V8 extras are still a work in progress, and the interface has some rough edges and disadvantages we hope to address over time. The primary area with room for improvement is the debugging story: errors are not easy to track down, and runtime debugging is most often done with print statements. In the future, we hope to integrate V8 extras into Chromium’s developer tools and tracing framework, both for Chromium itself and for any embedders that speak the same protocol.
Another cause for caution when using V8 extras is the extra developer effort required to write secure and robust code. V8 extras code operates directly on the snapshot, just like the code for V8’s self-hosted built-ins. It accesses the same objects as userland JavaScript, with no binding layer or separate context to prevent such access. For example, something as seemingly-simple as
global.Object.prototype.hasOwnProperty.call(obj, 5)

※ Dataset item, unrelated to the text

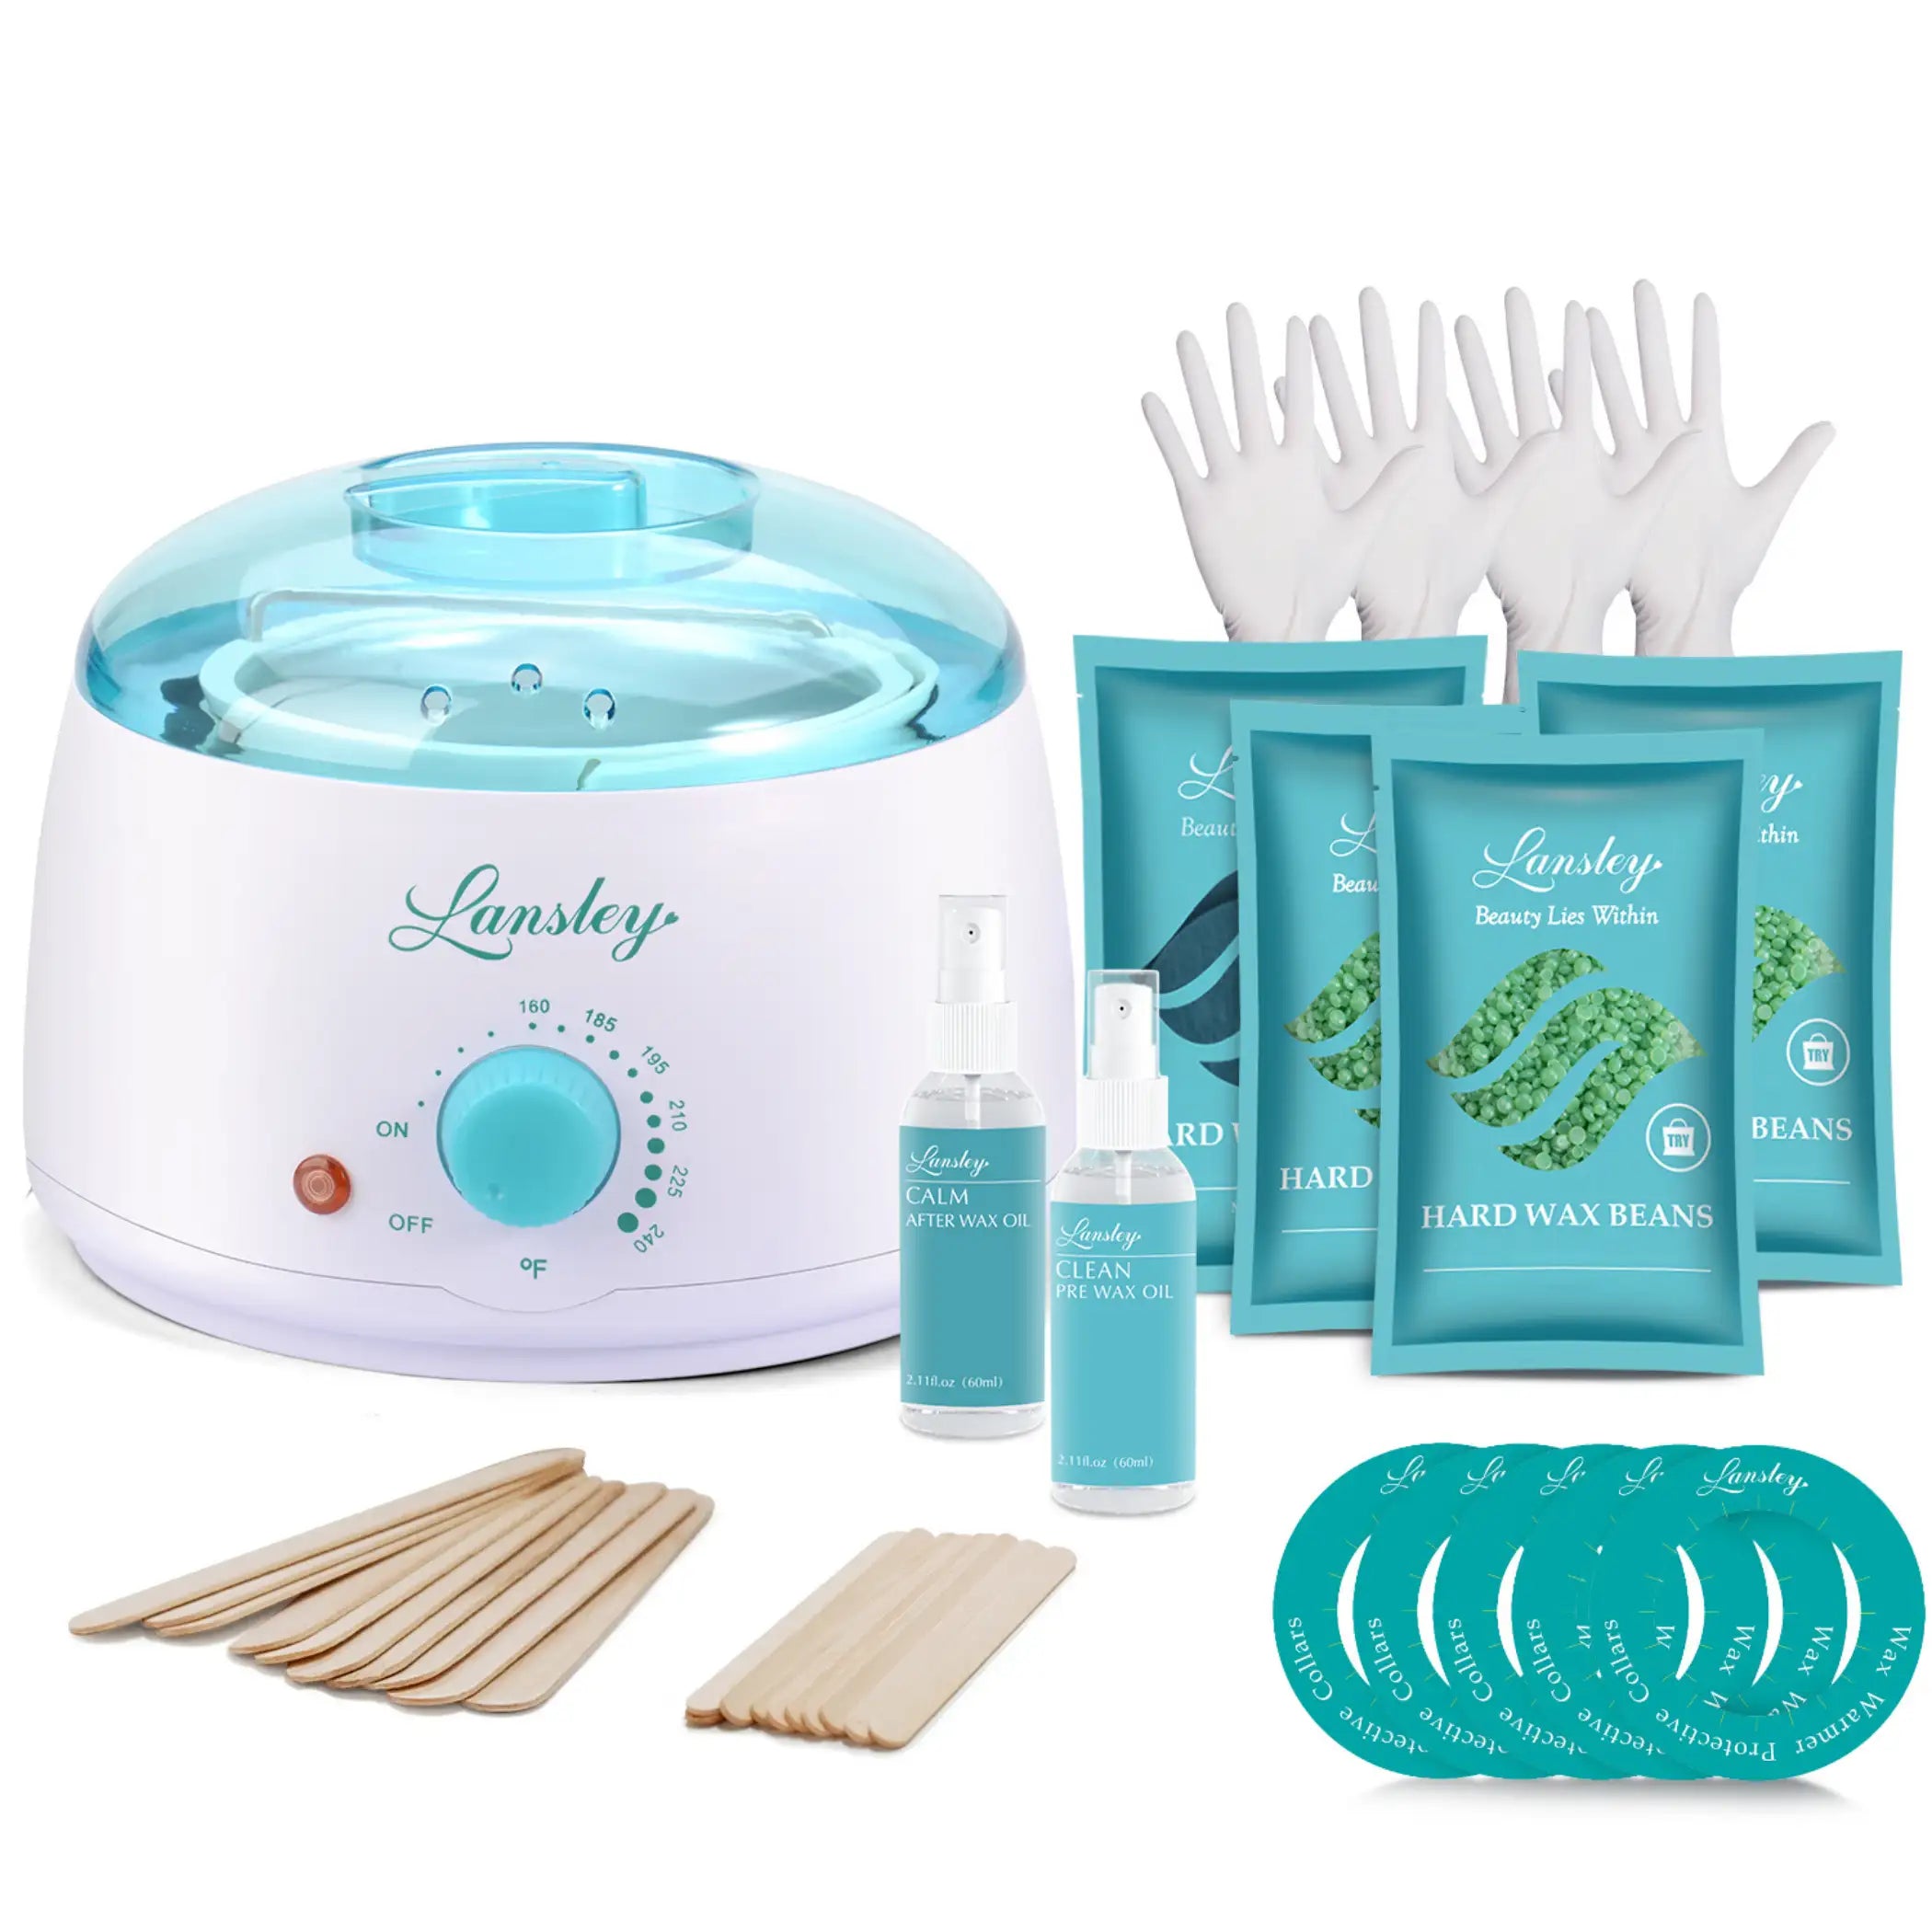 Lansley professional wax hair removal kit that includes 4 bags of stripless  sensitive skin all over body wax

has six potential ways in which it could fail due to user code modifying the built-ins (count them!). Embedders like Chromium need to be robust against any user code, no matter its behavior, and so in such environments more care is necessary when writing extras than when writing traditional C++-implemented features.If you’d like to learn more about V8 extras, check out our design document which goes into much more detail. We look forward to improving V8 extras, and adding more features that allow developers and embedders to write expressive, high-performance additions to the V8 runtime.